Каково ваше мнение об Анне Ахматовой?
Она большой поэт и очень хороший друг. Но не думаю, что она оказала на меня влияние. Она просто великий человек.
Она помогала вам, не так ли?
Да, она здорово мне помогла.
Когда вы были в тюрьме?
Благодаря ей я был освобожден. Она развила бурную деятельность, подняла народ.
Не хотите ли вы рассказать что-либо о вашей жизни в Архангельске?
Нет. Это было так давно.
Но вы по-прежнему вспоминаете то время?
Иногда.
Оно как-то отразилось в ваших стихах?
Да. Я писал и, быть может, еще буду. То была часть моей жизни, и она находит выражение в моих стихах, но не напрямую.
А как вам показались ваши студенты? Агрессивными, тупыми или интересными? Каково ваше впечатление?
Самыми разными. Я все тут нашел. [Смеется.] Я встретил некоторое число по-настоящему замечательных людей, невероятно способных. Конечно, их не так много, но это нормальная пропорция в любом обществе. [Смеется.]
Когда вы впервые попали в американский университет, то, вероятно, ожидали, что студенты более послушные, покорные?

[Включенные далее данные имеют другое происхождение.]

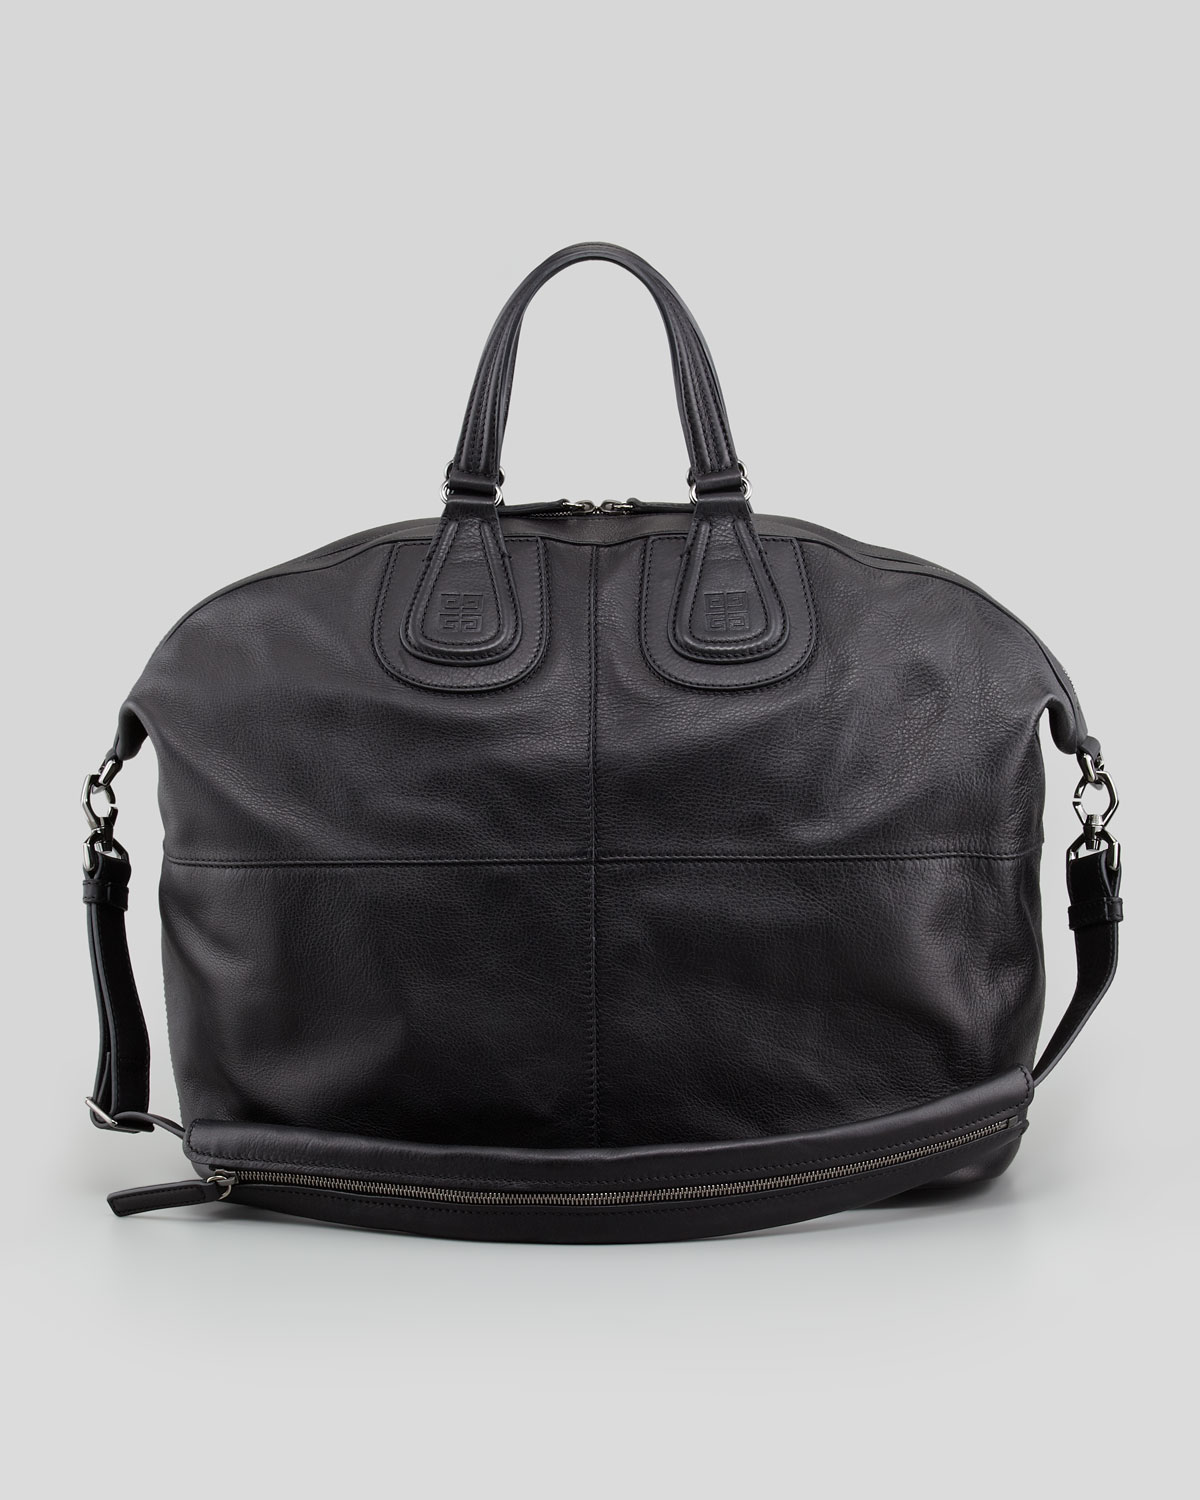 Givenchy Nightingale Mens Large Leather Shoulder Bag Black for Men - Lyst

Ничего я не ожидал. Чего я мог ожидать тогда? У меня и понятия не было, как все закрутится.
Я спрашиваю потому, что когда к нам приезжают из европейских стран учиться, их часто поражает, сколько свободы предоставлено американским студентам, как активно участвуют они в дискуссиях на занятиях.
Да, здесь несравненно больше свободы, чем где-либо. Я не только Россию имею в виду, а шире. Но понятия свободы или ее отсутствия очень значимы для меня. Мне кажется, что главными здесь являются способности, знания, уровень восприятия и качество ответов. И я не был разочарован. Меня скорее поразило их количество. Для меня это было так удивительно, особенно из-за моего английского. Но со временем пришла уверенность. Но не самоуверенность — я боюсь им наскучить. [Смеется.]
А как вы относитесь к тому, что некоторые молодые люди принимают наркотики?